From: Kenneth Whistler (kenw@sybase.com)
Date: Fri May 09 2008 - 19:43:08 CDT

  • Next message: Maha Hassan: "Re: Arabic Normalization chart"

    > Thanks for the references.
    > But, why U+06C7 has no decomposition? I can enter from Arabic
    > keyboard U+0648\U+0619 and get the exact glyph in U+06C7. 
    > How come u+0623 has a decomposition and not U+06C7?
    > What the criteria?

    It is an interaction of the requirements for normalization
    stability with the timing of the addition of various characters
    for the Arabic script.

    U+06C7 was already an encoded character in Unicode as of Version 1.1,
    dating back to 1993.

    The "composition version" for Unicode normalization stability
    is defined to be Version 3.1, dating back to 2001. See
    http://www.unicode.org/reports/tr15/#Versioning
    for details. Among other things that means that no character
    that was either decomposed or *not* decomposed as of
    Version 3.1, cannot ever have its decomposition status
    changed by a later version of the standard.
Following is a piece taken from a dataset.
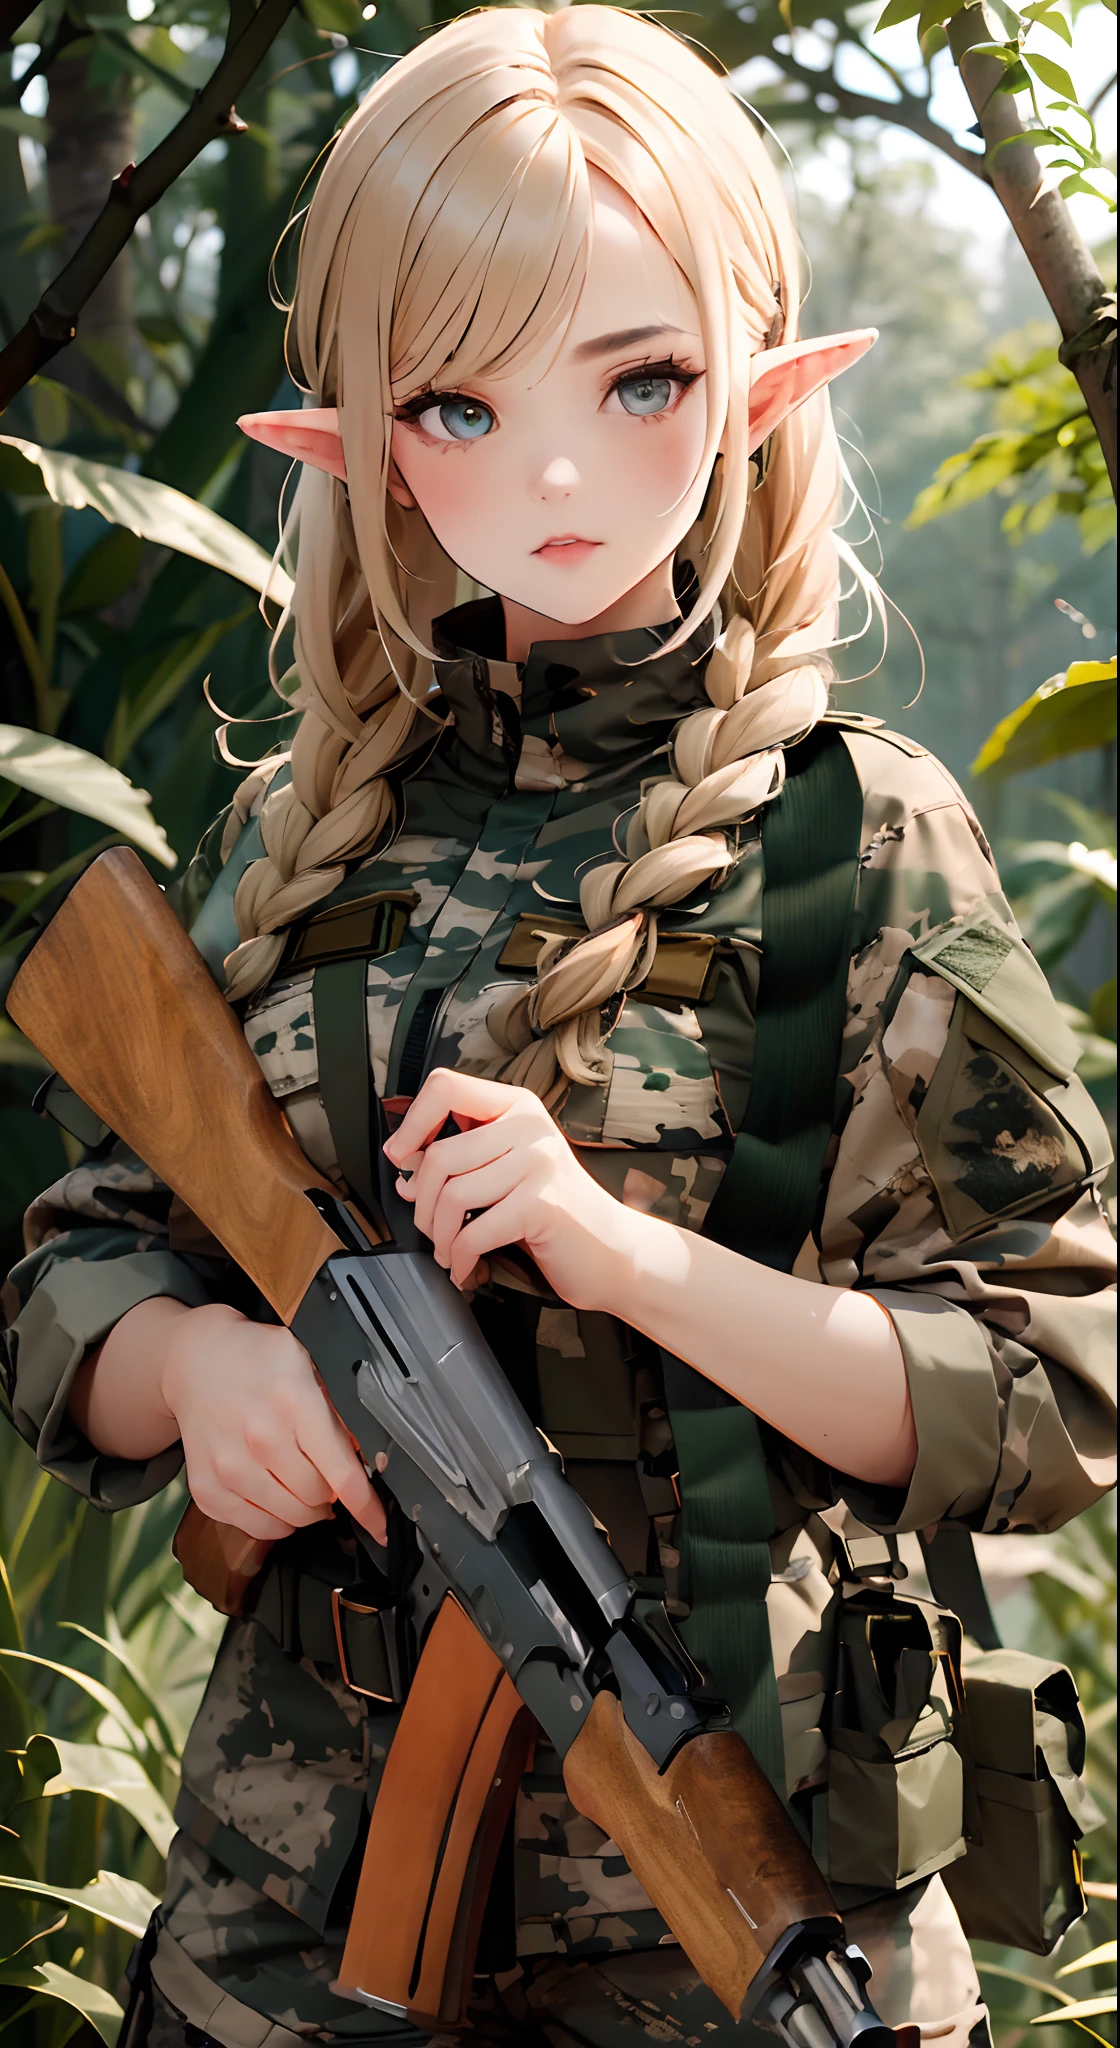 Женщина-эльф-солдат, в камуфляже «Пятнистый лес» российской военной формы, , подробные глаза, Подробные руки, подробное лицо, Детализированные волосы, (эльф с золотыми волосами), плетеная стрижка, держит АК47, Лесной фон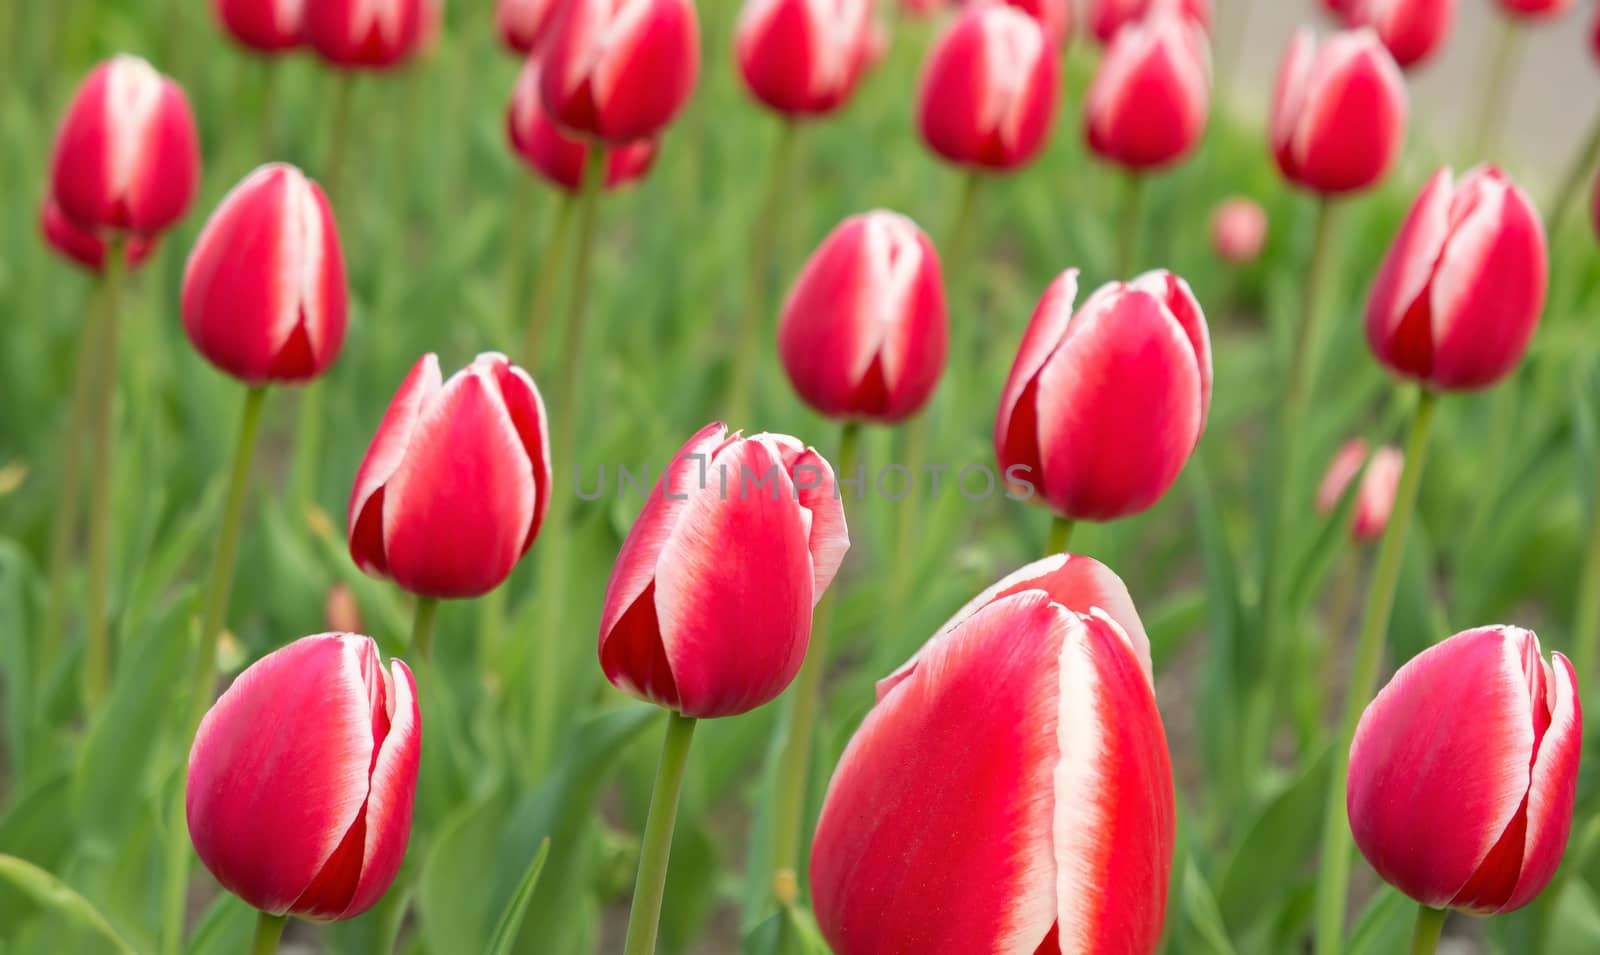 Tulips red-white by Venakr

    Those few Arabic letters that *do* have decompositions,
    such as U+0622..U+0626, were *already* decomposed as of
    Version 3.1, based on U+0653..U+0655 (madda and/or hamza
    above or below), which were also already encoded as
    of Version 3.1.

    But combining marks added *after* Version 3.1 cannot be
    used in decompositions of Arabic characters encoded
    *before* Version 3.1 (or indeed those added in any
    version earlier than when the combining marks themselves
    were added).

    U+0619 ARABIC SMALL DAMMA was just added in Unicode Version 5.1,
    so it cannot be used to decompose any Arabic character from
    earlier versions. To do so would destabilize the normalization
    of Unicode data.

    See:

    http://www.unicode.org/policies/stability_policy.html#Normalization

    for the formal statement of this requirement for stability.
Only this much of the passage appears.